ひゅるぅ、ひゃいん(えー、カッチもほしー)

「へ? 捨てちゃうから大丈夫」

 匂いが紛らわしいからさっさと捨ててくれ。

「そんな、もったいない!」

ひゅいんひょろろる(あそぶからちょーだい)

「もったいない?」


 どうしてそんなに欲しがるか全然分からない。そんなもんはまたできるんだぜ?


「その匂いに包まれて眠りたい……」

「は?」

 …………。

「いえ、何でもないです! キグノのような強い雄の匂いが漂うものはお守りになるのです。鳥車に積んでおけば弱い魔獣は近付いてこなくなりますから」

「んー? 要るの? だってキグノが居るのよ。本体のほうが匂いは強いのよ」

 本体……。そいつは分身か?

「将来の為です。だってずっと彼と一緒ではないでしょう? 行商をするようになれば魔獣対策は必須です」

「その為に模擬戦で鍛えてもらっているのよ。今は邪魔になるだけなのよ」

 だよな。


 フェルの主張は無視されて、ティムとカッチが毛玉の奪い合いをしてる。リーエは動揺で汗をかいているが、ノインは笑って見ているだけ。

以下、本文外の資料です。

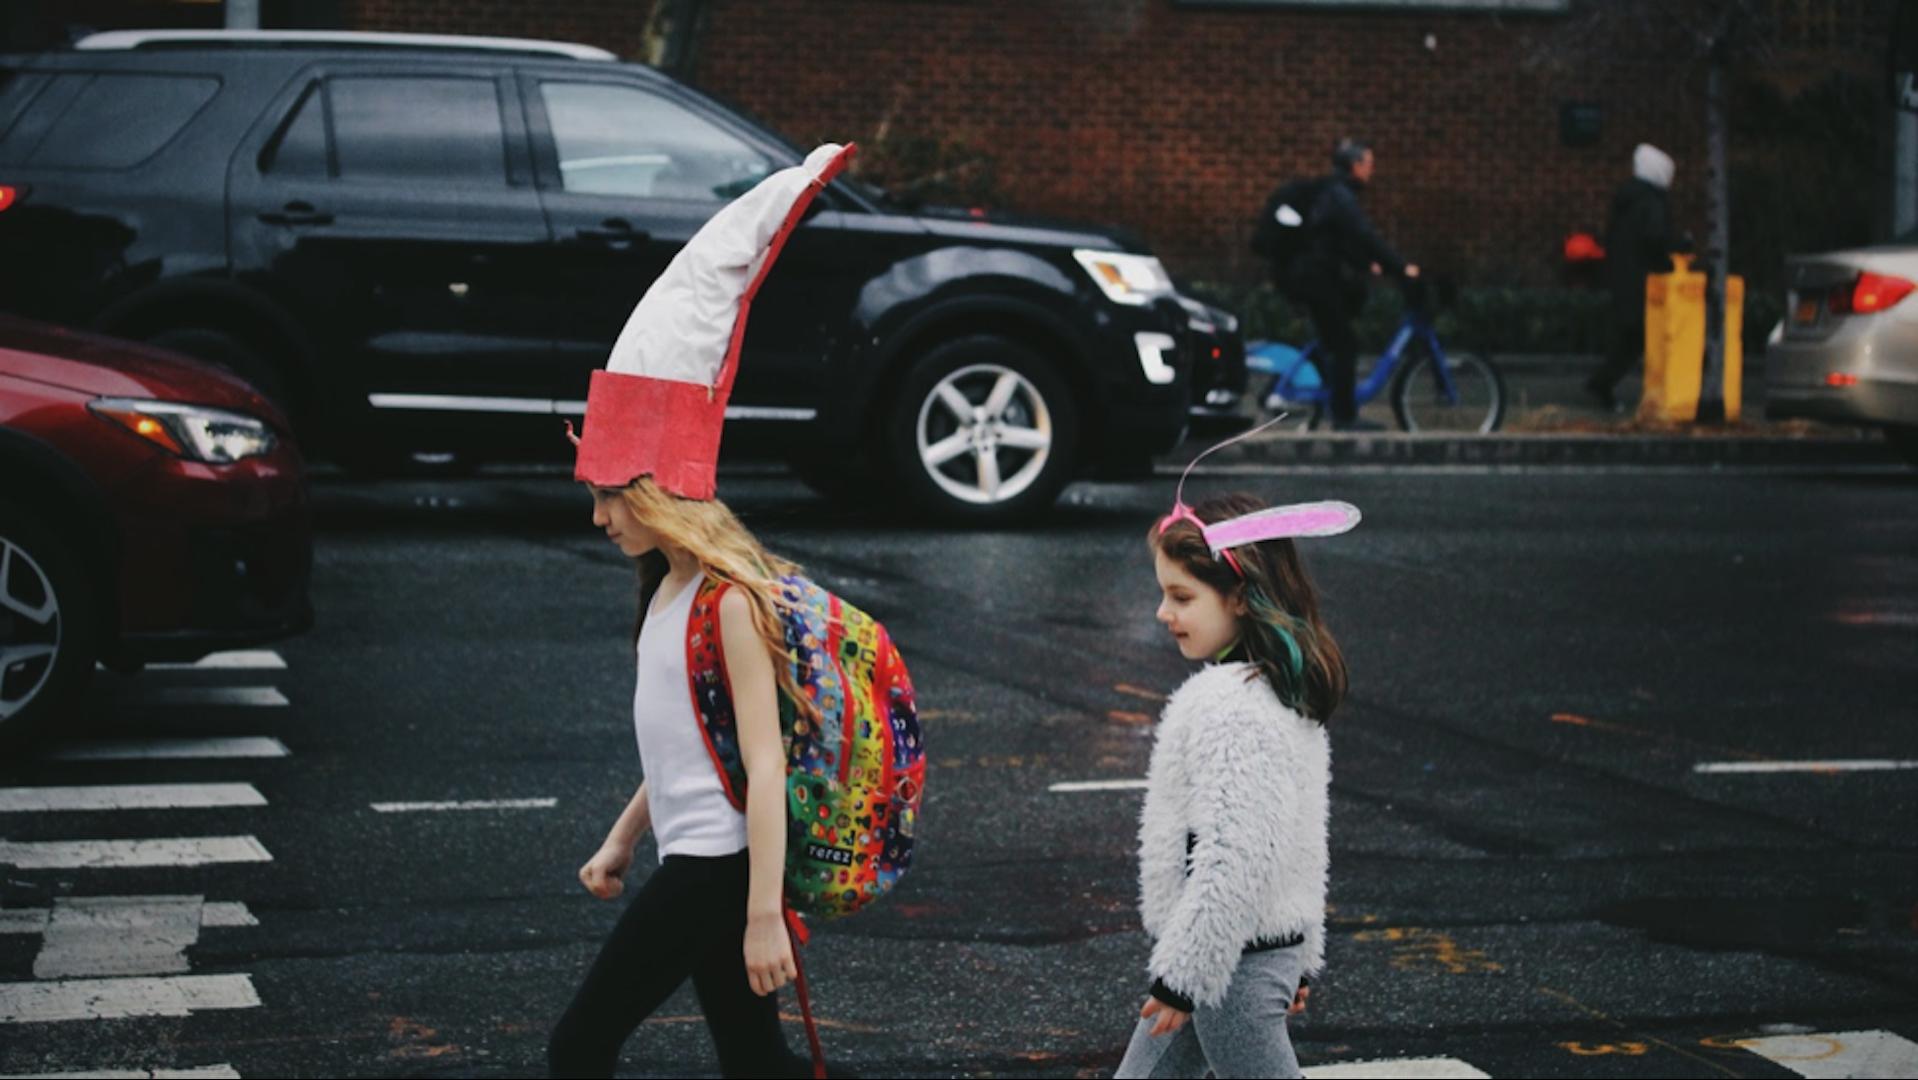 Two girls walking on a sidewalk as a car drives by.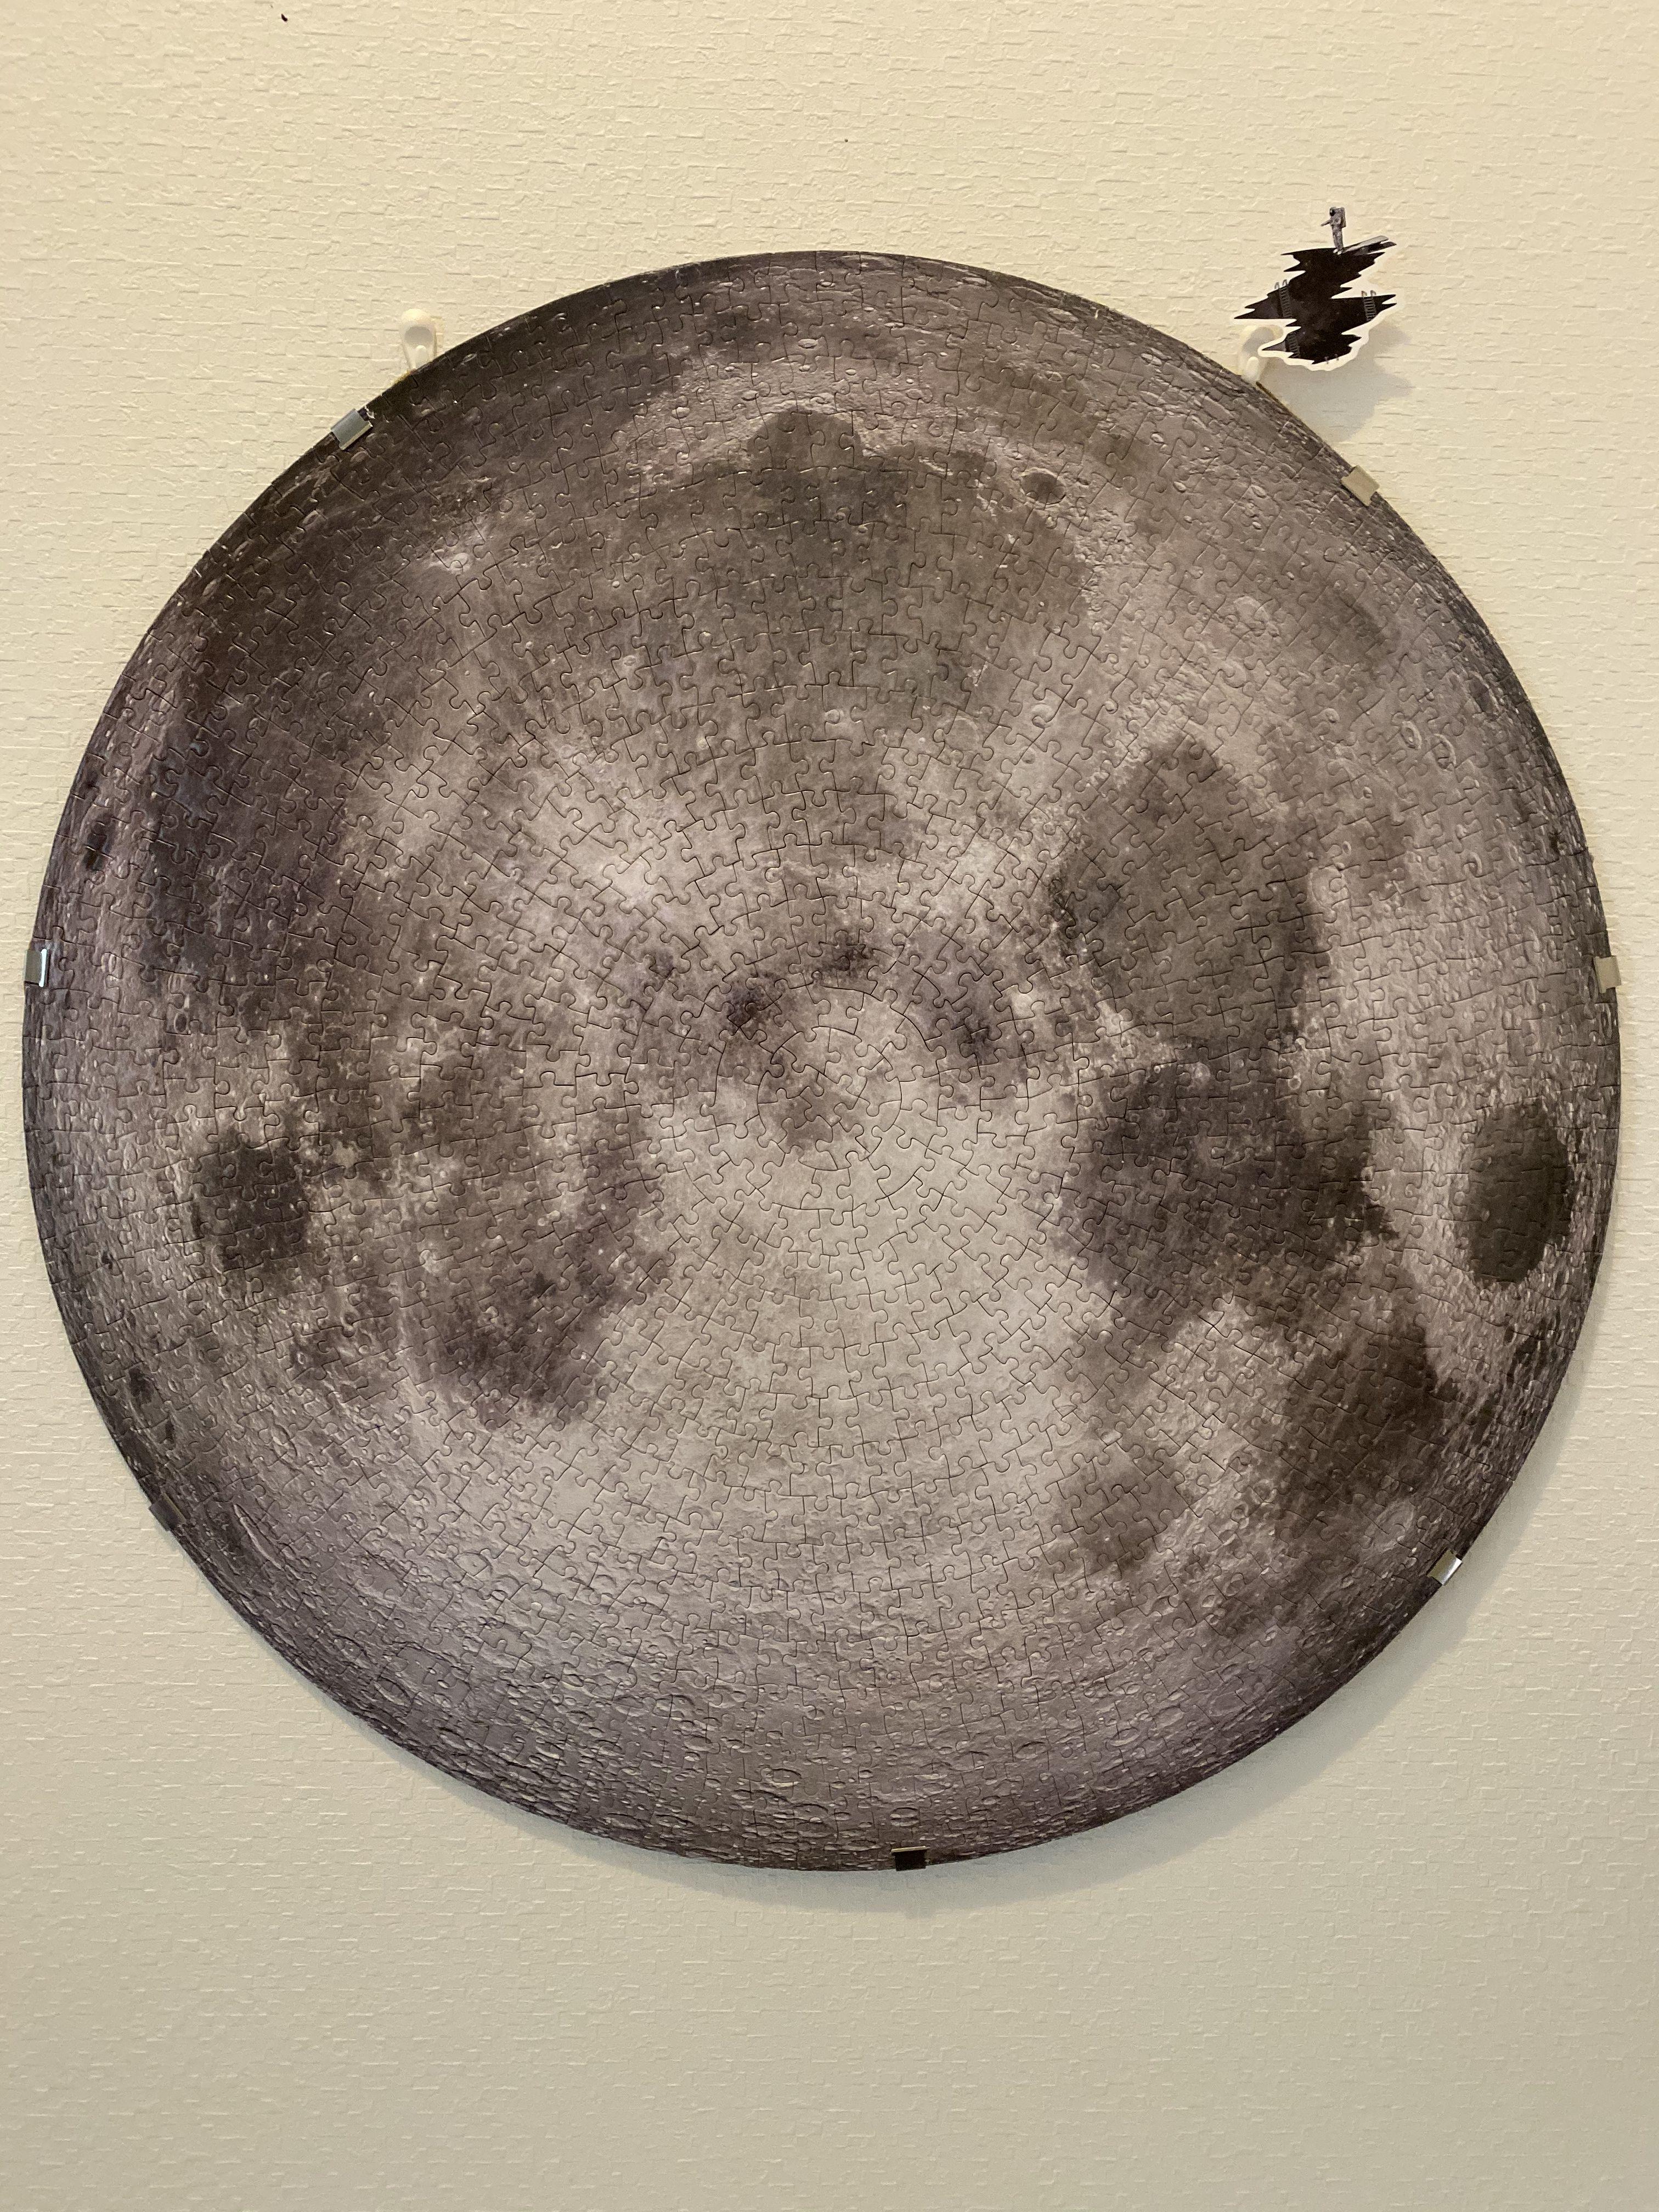 The Moon Apollo 11 Launch Moon Moon Surface

 俺もちょっと引いてるぜ、汗ぺろぺろぺろぺーろぺろぺろ。

第二十六話は模擬戦の話……、もとい毛玉の話でした。毛玉? うーん、尻尾甘噛みネタは当初の設定通りなんですけど、ティムがどんどん壊れていっている気がする。もう勝手にしゃべり始めてくれているので流れに任せます。